Keras vs PyTorch

Just wondering what people’s thoughts are on PyTorch vs Keras? E.g.

  • Do you use one or the other completely, or do you both dependent on task?
  • Is PyTorch much more tricky than Keras (e.g. could you code faster in Keras than in PyTorch)?
  • What about in the longer term? Is one better for a wider range of activities (e.g. mobile, robotics, more complicated networks,…)?


I like some of the freedom pytorch affords in terms of putting together your models. Keras seems like whoever they got working on documentation cares a lot more.
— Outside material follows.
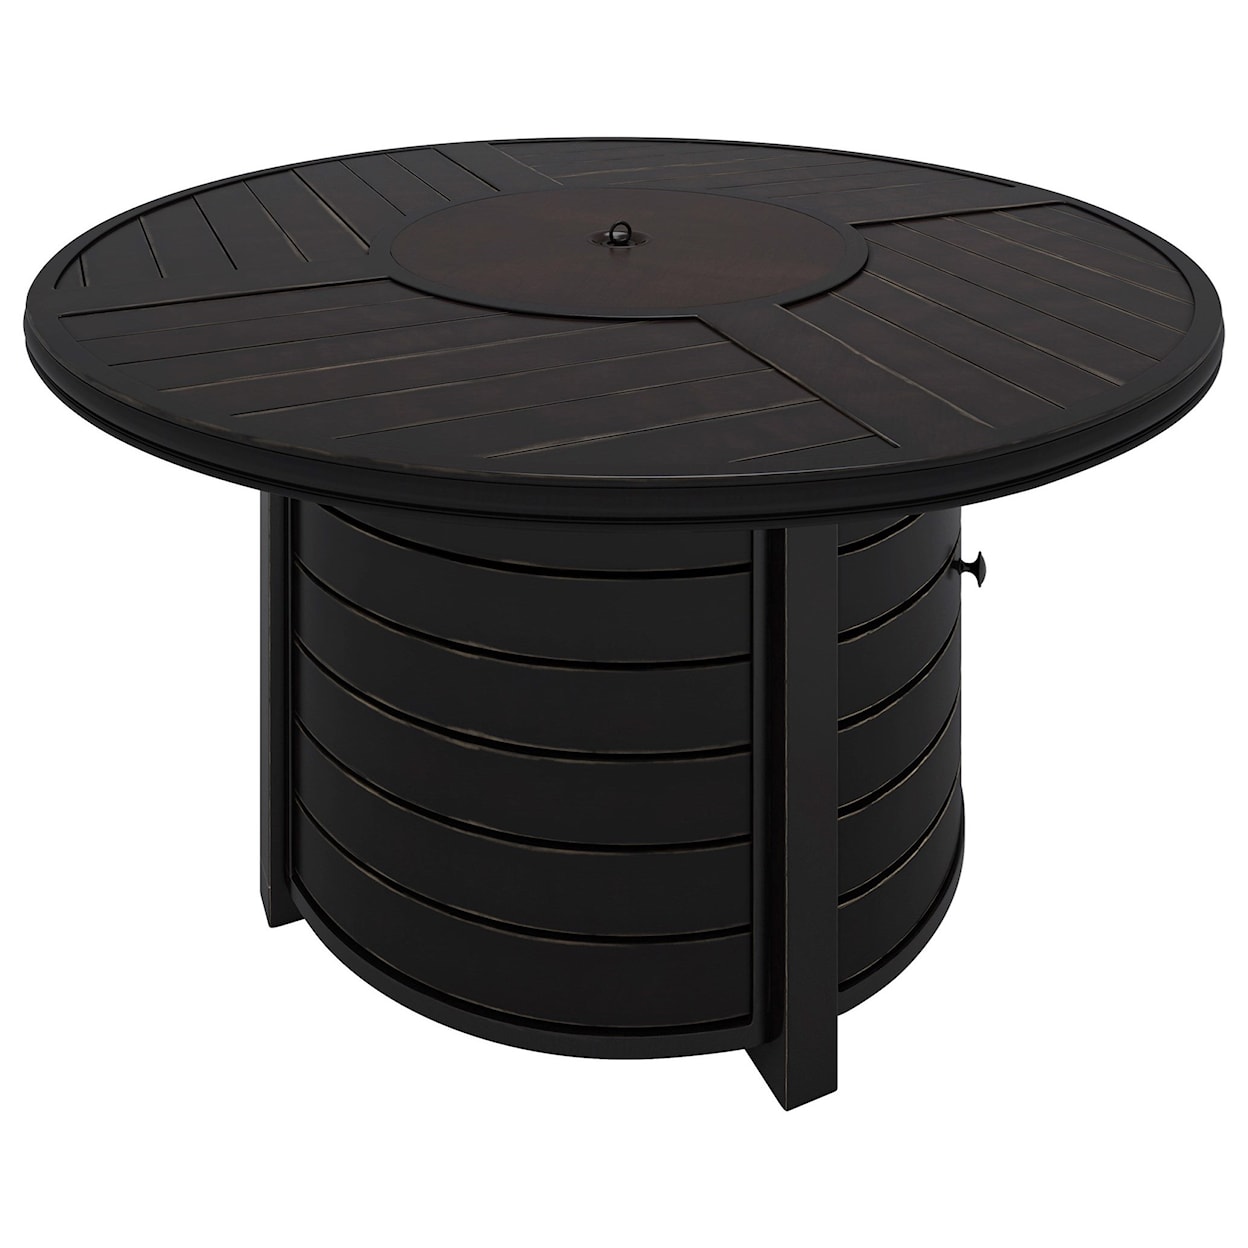 Signature Design by Ashley Castle Island Round Fire Pit Table

Also, the author / originator of keras is pretty active on twitter daily and posts good stuff. As weird as it seems, for similar network architectures, I apparently hit the out of memory gpu error on keras more than on pytorch. Also, for complicated or deep networks, building the computation graph takes forever. The way I figure, if we’re going to be functional / bleeding edge data scientists, and if we already know how to program, then it’s in our best interest to just bite the bullet and learn both. I hope someone passionate goes in and submits a bunch of decent pull requests for pytorch’s docs though…


Documentation on PyTorch is less complete but they actually have an active discourse forum too:


Someone posted a superb explanation on reddit a few days ago, quite an eye-opener to software management from a company’s operations perspective.